We should also verify that only a small subset of parameters are set for training, and activate training mode while preserving the frozen state of the main model parameters.
model.freeze()
linear_to_lora_layers(model, lora_config["num_layers"], lora_config["lora_parameters"])
num_train_params = sum(v.size for _, v in tree_flatten(model.trainable_parameters()))
print(f"Number of trainable parameters: {num_train_params}")
model.train()
We can also create a class to follow the train and validation loss metrics during the training process
class Metrics:
def __init__(self) -> None:
self.train_losses: List[Tuple[int, float]] = []
self.val_losses: List[Tuple[int, float]] = []
def on_train_loss_report(self, info: Dict[str, Union[float, int]]) -> None:
self.train_losses.append((info["iteration"], info["train_loss"]))
def on_val_loss_report(self, info: Dict[str, Union[float, int]]) -> None:
self.val_losses.append((info["iteration"], info["val_loss"]))
and create an instance of this class.
metrics = Metrics()
Data Loading
Here, we are creating a simplified variant of the following function for loading a Hugging Face dataset.
def custom_load_hf_dataset(
data_id: str,
tokenizer: PreTrainedTokenizer,
names: Tuple[str, str, str] = ("train", "valid", "test"),
):
from datasets import exceptions, load_dataset
try:
dataset = load_dataset(data_id)
train, valid, test = [
(
datasets.create_dataset(dataset[n], tokenizer)
if n in dataset.keys()
else []
)
for n in names
]
except exceptions.DatasetNotFoundError:
raise ValueError(f"Not found Hugging Face dataset: {data_id} .")
return train, valid, test
Then, let's load the win-wang/Machine_Learning_QA_Collection
dataset from Hugging Face.
train_set, val_set, test_set = custom_load_hf_dataset(
data_id="win-wang/Machine_Learning_QA_Collection",
tokenizer=tokenizer,
names=("train", "validation", "test"),
)
Fine-Tuning
Finally, we can begin the LoRA fine-tuning process by calling the train()
function.
train(
model=model,
tokenizer=tokenizer,
args=training_args,
optimizer=optim.Adam(learning_rate=1e-5),
train_dataset=train_set,
val_dataset=val_set,
training_callback=metrics,
)
After the training is completed, we can also plot the train and validation loss.
train_its, train_losses = zip(*metrics.train_losses)
validation_its, validation_losses = zip(*metrics.val_losses)
plt.plot(train_its, train_losses, "-o", label="Train")
plt.plot(validation_its, validation_losses, "-o", label="Validation")
plt.xlabel("Iteration")
plt.ylabel("Loss")
plt.legend()
plt.show()
For example, one of the trainings performed resulted in the following losses.
Test the model_lora
Now, we can load the fine-tuned model, specifying the adapter_path
,
model_lora, _ = load(model_path, adapter_path=adapter_path)

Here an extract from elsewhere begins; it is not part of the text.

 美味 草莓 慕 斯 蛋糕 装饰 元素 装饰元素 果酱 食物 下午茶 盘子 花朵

and we can generate an output for the same prompt as earlier.
response = generate(model_lora, tokenizer, prompt=prompt, verbose=True)

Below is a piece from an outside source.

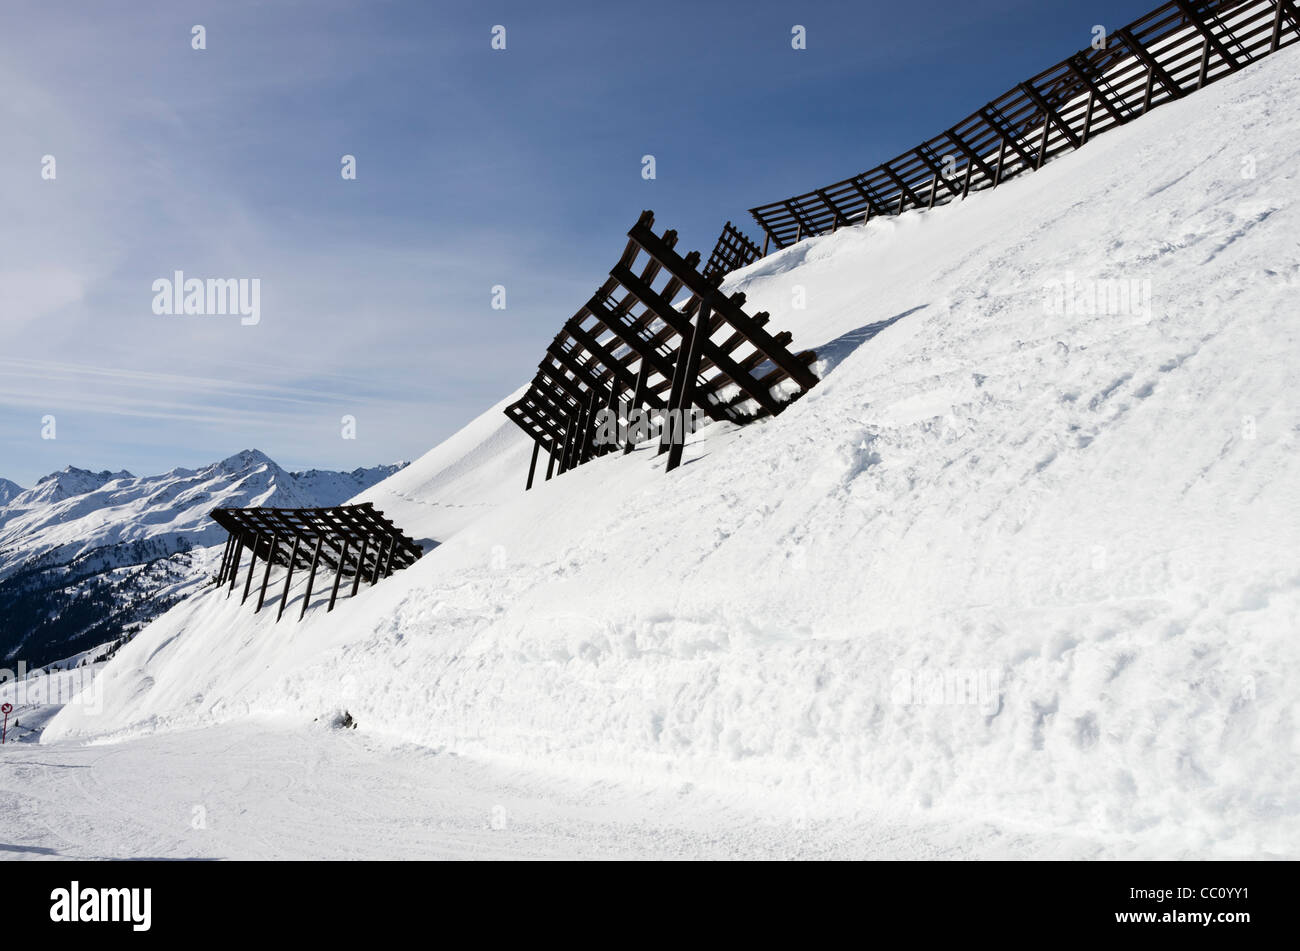 Snow Control Barrieren zum Schutz der Piste Ski Hang unterhalb von Lawinengefahr im Winter in St. Anton am Arlberg Tirol Österreich Stockfoto

The generated response is:
Fine-tuning in machine learning refers to the process of adjusting the parameters of a pre-trained model to adapt it to a specific task or dataset. This approach is often used when the available data is limited, as it allows the model to leverage the knowledge it has already gained from previous training. Fine-tuning can improve the performance of a model on a new task, making it a valuable technique in many machine learning applications.
Conclusion
In this tutorial, we explored how to leverage MLX LM and LoRA for fine-tuning large language models on Apple silicon. We started by setting up the necessary environment, loading a pre-trained model from the MLX Community, and preparing our dataset from Hugging Face. By converting selected linear layers into LoRA adapters and freezing the majority of the model's weights, we efficiently fine-tuned the model using a modest computational footprint. This approach not only optimizes resource usage but also opens the door to experimenting with different fine-tuning strategies and datasets. Further modifications can be explored, such as experimenting with other adapter configurations like QLoRA (extends the LoRA approach by integrating quantization techniques), fusing adapters, integrating additional evaluation metrics to better understand a model's performance, etc. Happy fine-tuning!